NCPA - National Center for Policy Analysis

U.S. Lamb Raisers Get Protection

July 12, 1999

President Clinton is abandoning his free-trade stance to give assistance to U.S. sheep producers. He will impose stiff import tariffs on lamb from Australia and New Zealand -- which supply almost all U.S. lamb imports.

Agricultural-policy specialists say U.S. producers had long benefited from subsidies for wool. But when those were removed in 1995, they did nothing to increase the efficiency and productivity of their operations.
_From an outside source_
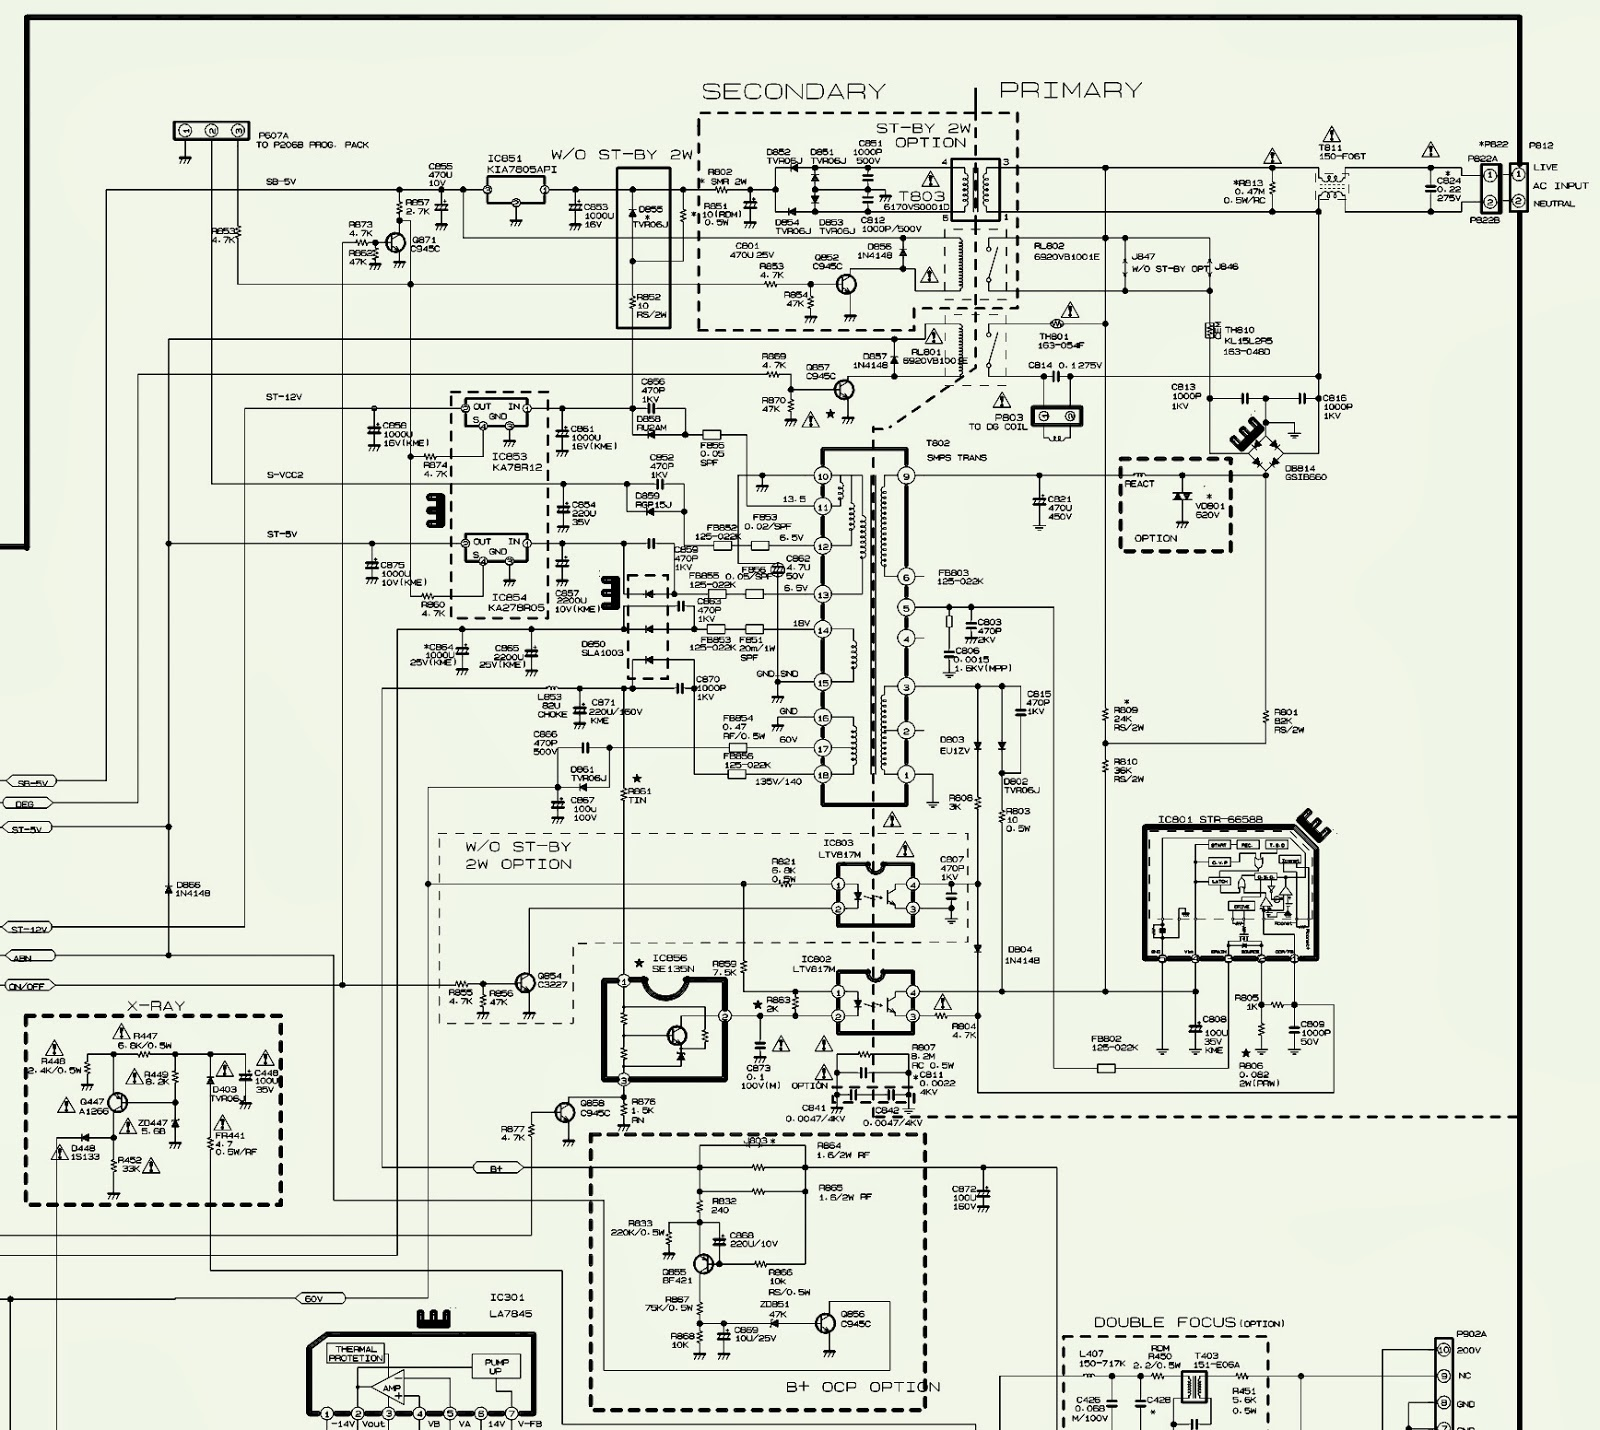 lf_3525] tv schematic circuit diagram download diagram  alypt wigeg mohammedshrine librar wiring 101
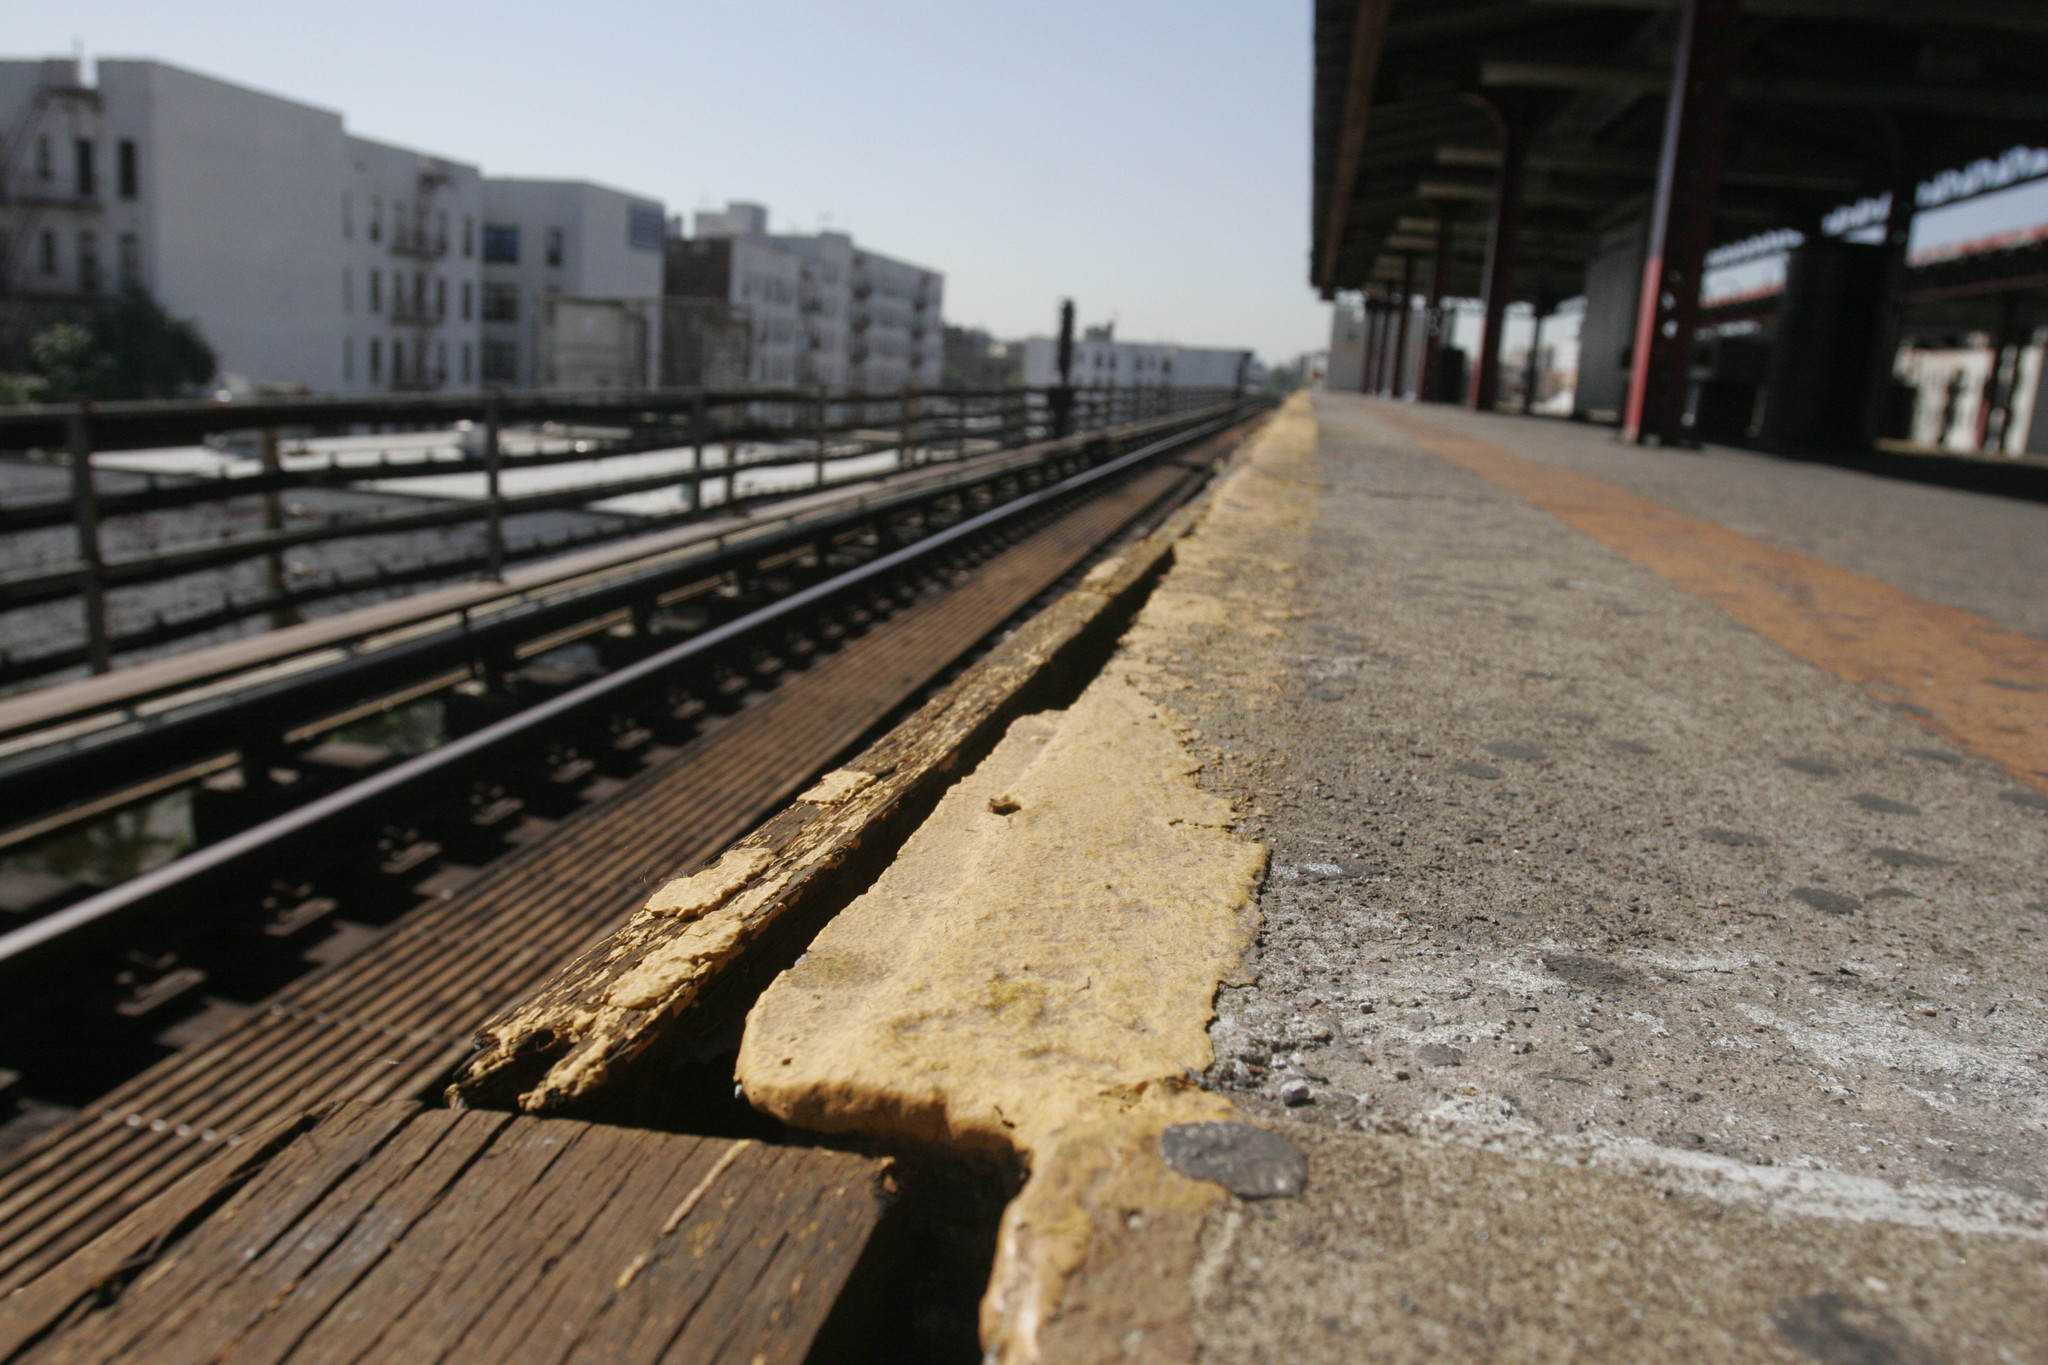 Cold hearted dad abandons tot on Bronx platform, good Samaritan saves the day

Had they done so, they might have used New Zealand producers as their models.

  • New Zealand's farmers have invested substantial resources in new technology and effective marketing -- making them among the most efficient producers in the world.
  • New Zealand eliminated domestic agricultural subsidies more than a decade ago and embraced free trade.
  • Although the U.S. International Trade Commission did not find that sheep raisers here have suffered "serious injury," it did suggest imposing a 20 percent tariff on lamb imports, declining over four years -- with the Clinton administration appearing to look for a compromise.
  • Then the administration suddenly caved in to the American Sheep Industry Association's demands and announced far higher trade restrictions than the ITC had proposed.

The decision has reportedly outraged farmers in Australia and New Zealand -- and officials there have vowed to take the U.S. to a World Trade Organization dispute settlement panel.

When the WTO meets in a few months in Seattle, one of the chief U.S. objectives will be to reduce agricultural protection in Europe and elsewhere.